Your goal: Your task is to copy every line of the entries that holds the word "child".

----

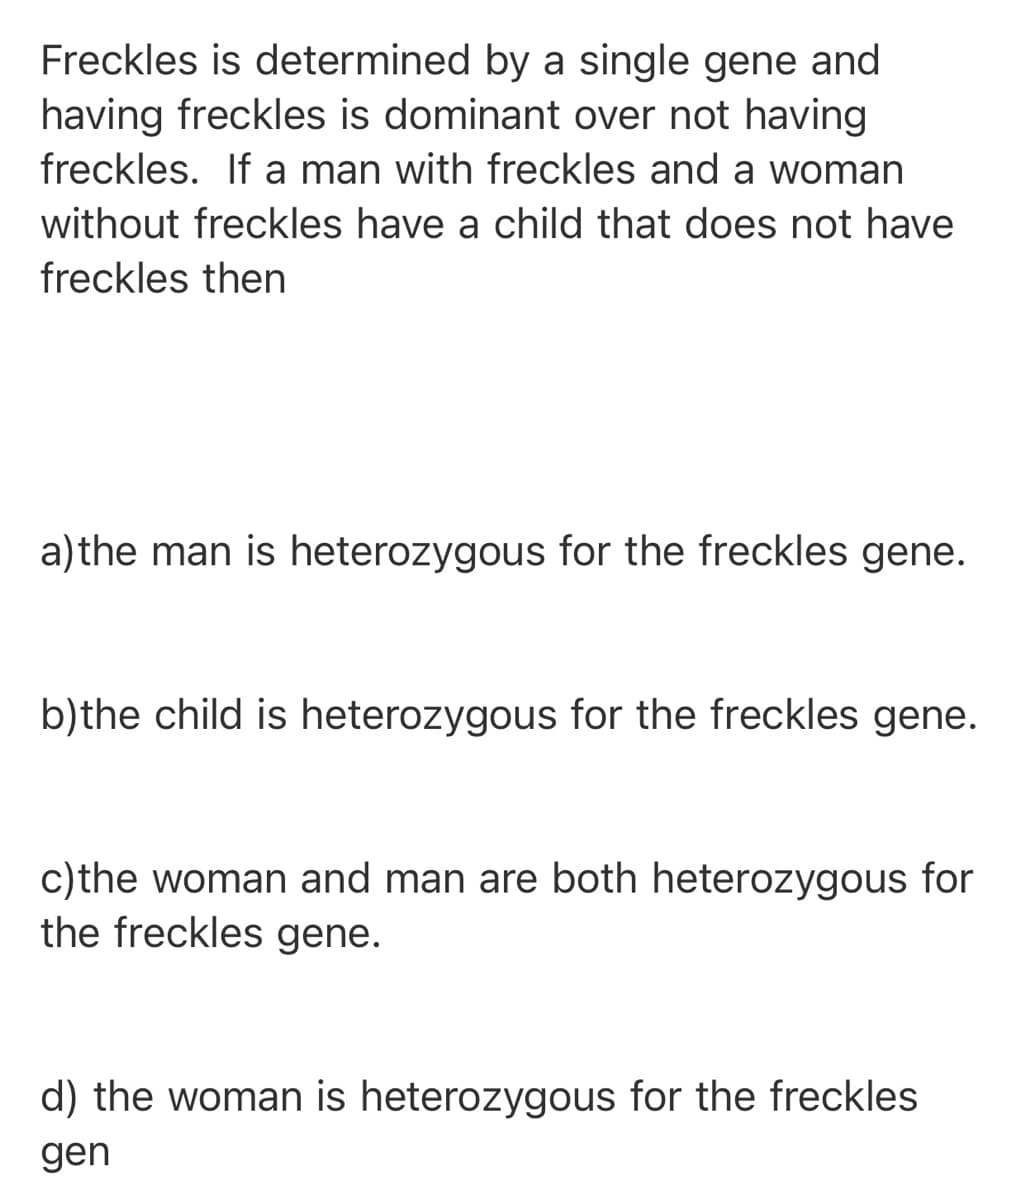 Freckles is determined by a single gene and
having freckles is dominant over not having
freckles. If a man with freckles and a woman
without freckles have a child that does not have
freckles then
a)the man is heterozygous for the freckles gene.
b)the child is heterozygous for the freckles gene.
c)the woman and man are both heterozygous for
the freckles gene.
d) the woman is heterozygous for the freckles
gen

----

Written answer:
without freckles have a child that does not have
b)the child is heterozygous for the freckles gene.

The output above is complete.